The P programming language is for asynchronous event-driven programming. It has been used to implement and validate the USB device driver stack that ships with Microsoft Windows 8 and Windows Phone.

P′′ is primitive formal language from 1964. It was the first language without GOTO proven Turing-complete. Brainfuck is P′′ plus IO.

P# is a Prolog interpreter for .NET.

Q

Q is a wrapper around K and the kdb+ database to make it more readable.

The other Q language is a functional programming language based on term-rewriting. It is succeeded by Pure.

There is also Q#, "a domain-specific programming language used for expressing quantum algorithms. It is to be used for writing sub-programs that execute on an adjunct quantum processor, under the control of a classical host program and computer."

R

R is a well known statistical programming language. It is considered on par with commercial tools like SAS.

S

S is a statistical programming language and R is considered an implementation. Most S code runs in R.

T

T is a Scheme or Lisp dialect. The last release was in 1984, so it can be considered dead.

U

The U programming language is a personal project of Rob Upcraft. He wanted a simple C-like language to write his own operating system.

V

There is a V programming language mentioned in a 1985 summary.
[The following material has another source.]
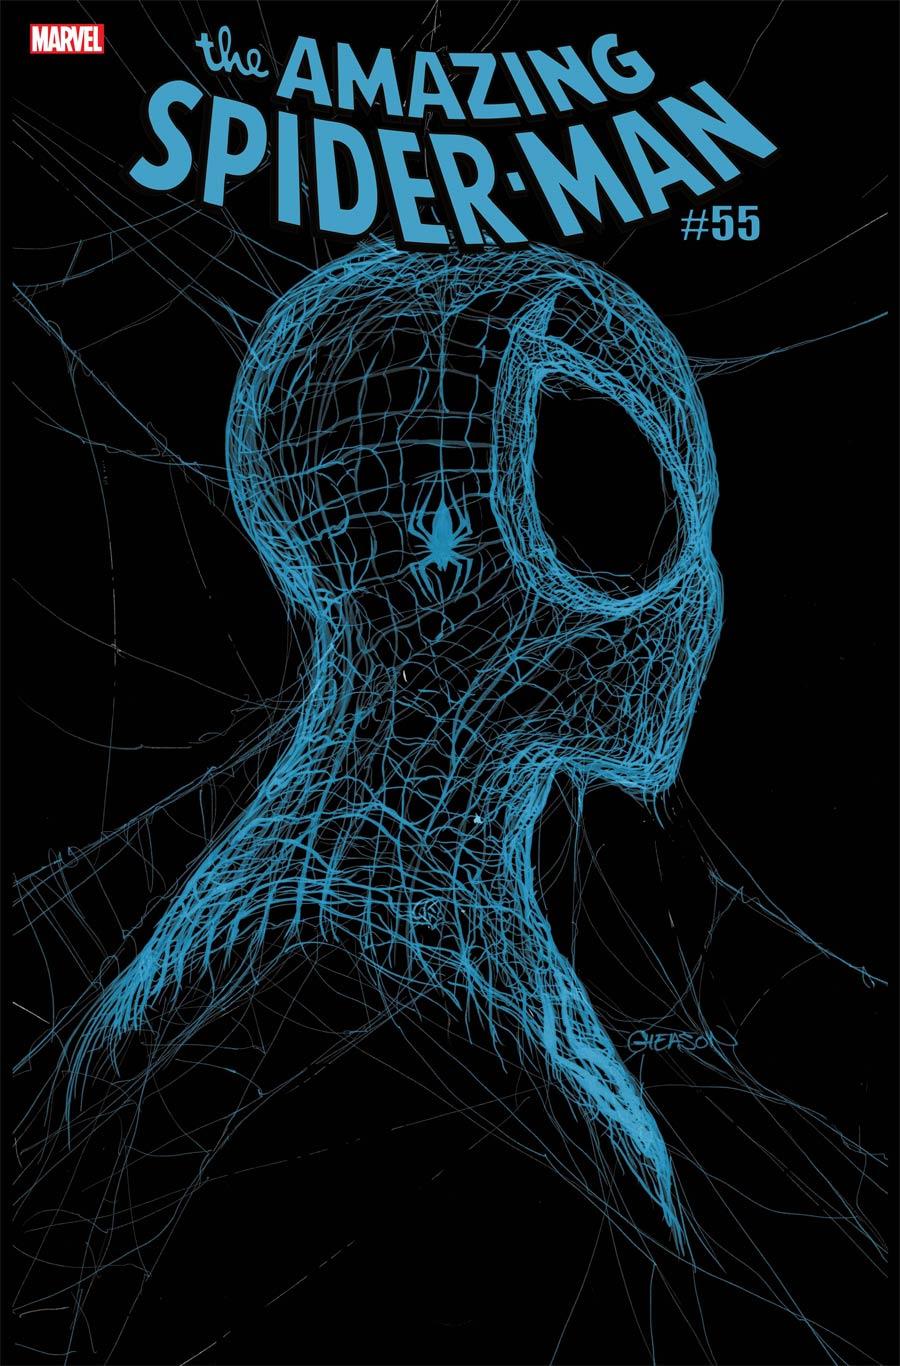 Amazing Spider-Man Vol 5 #55 Cover I 3rd Ptg Patrick Gleason Webhead Blue On Black Variant Cover
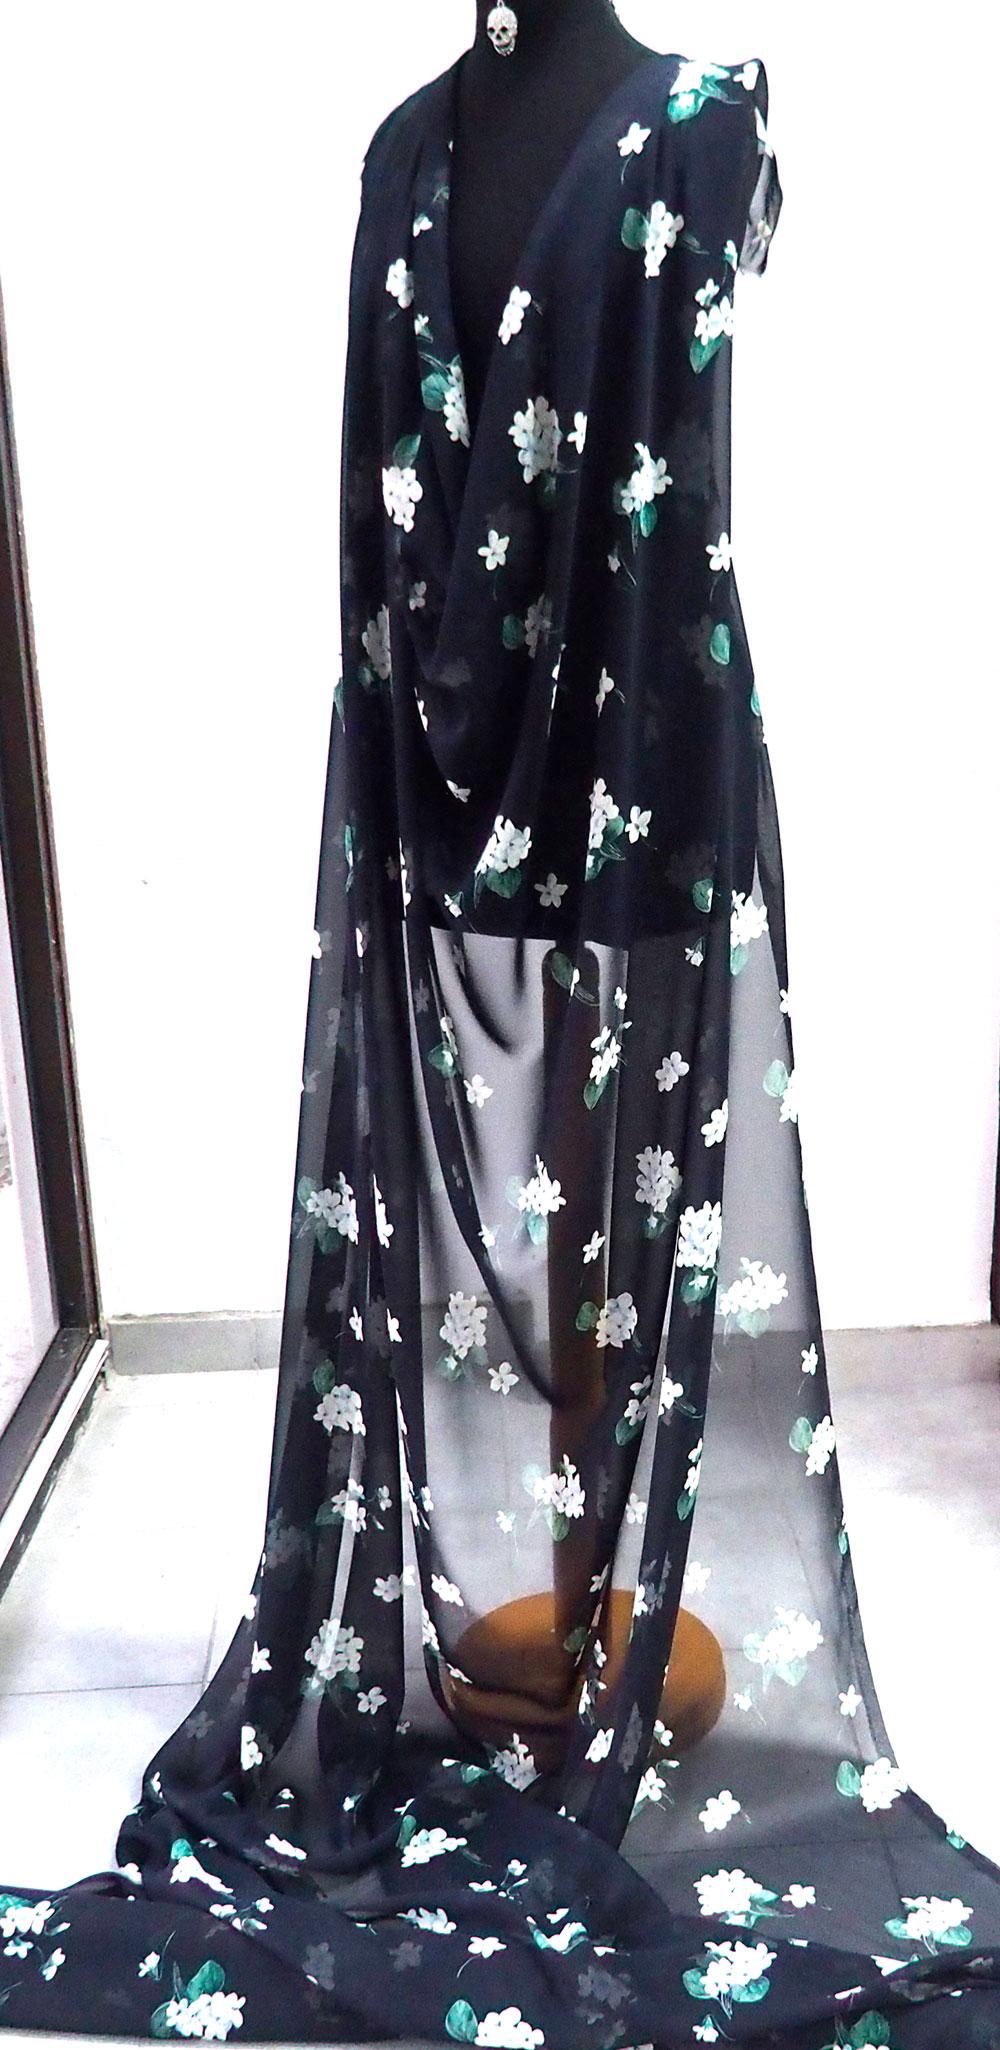 856fe4cb8a96a silk chiffon print fabric large floral print navy blue background green  white kaftan kimono evening 140cm wide Italy

The V programming language describes itself as: Simple, fast, safe, compiled. For developing maintainable software.

W

The W was created by Viktor Toth in 2001 to program two vintage handeld computer from HP. It is a very simple language, described as C without keywords, types, and standard library.

: Wu is a programming language based on the taoist principle of wu wei, or non-doing. There are no commands in wu.

X

X# is a low-level programming language somewhere between x86 assembly and C. It is developed within Cosmos, an open-source operating system toolkit.

X++ is a programming language used in one of Microsoft's enterprise resource planning software products. It is derived from C++ and adds garbage collection and SQL query syntax.

Y

The Y Programming Language and Y, a chained(?) language.

Z

Z notation is a formal specification language standardised as ISO/IEC 13568:2002.

Another Z is a tiny, strict, impure, curried, partially applied programming language with rather peculiar syntax.

Conclusions

If you are looking for a free name, there is none. However, you can probably overwrite H, I, T, or W.

On the other hand, why would you give a language a name impossible to google? If that doesn't deter you, then why not use some Unicode which is also impossible to type?

If you are looking for a free name, there is none.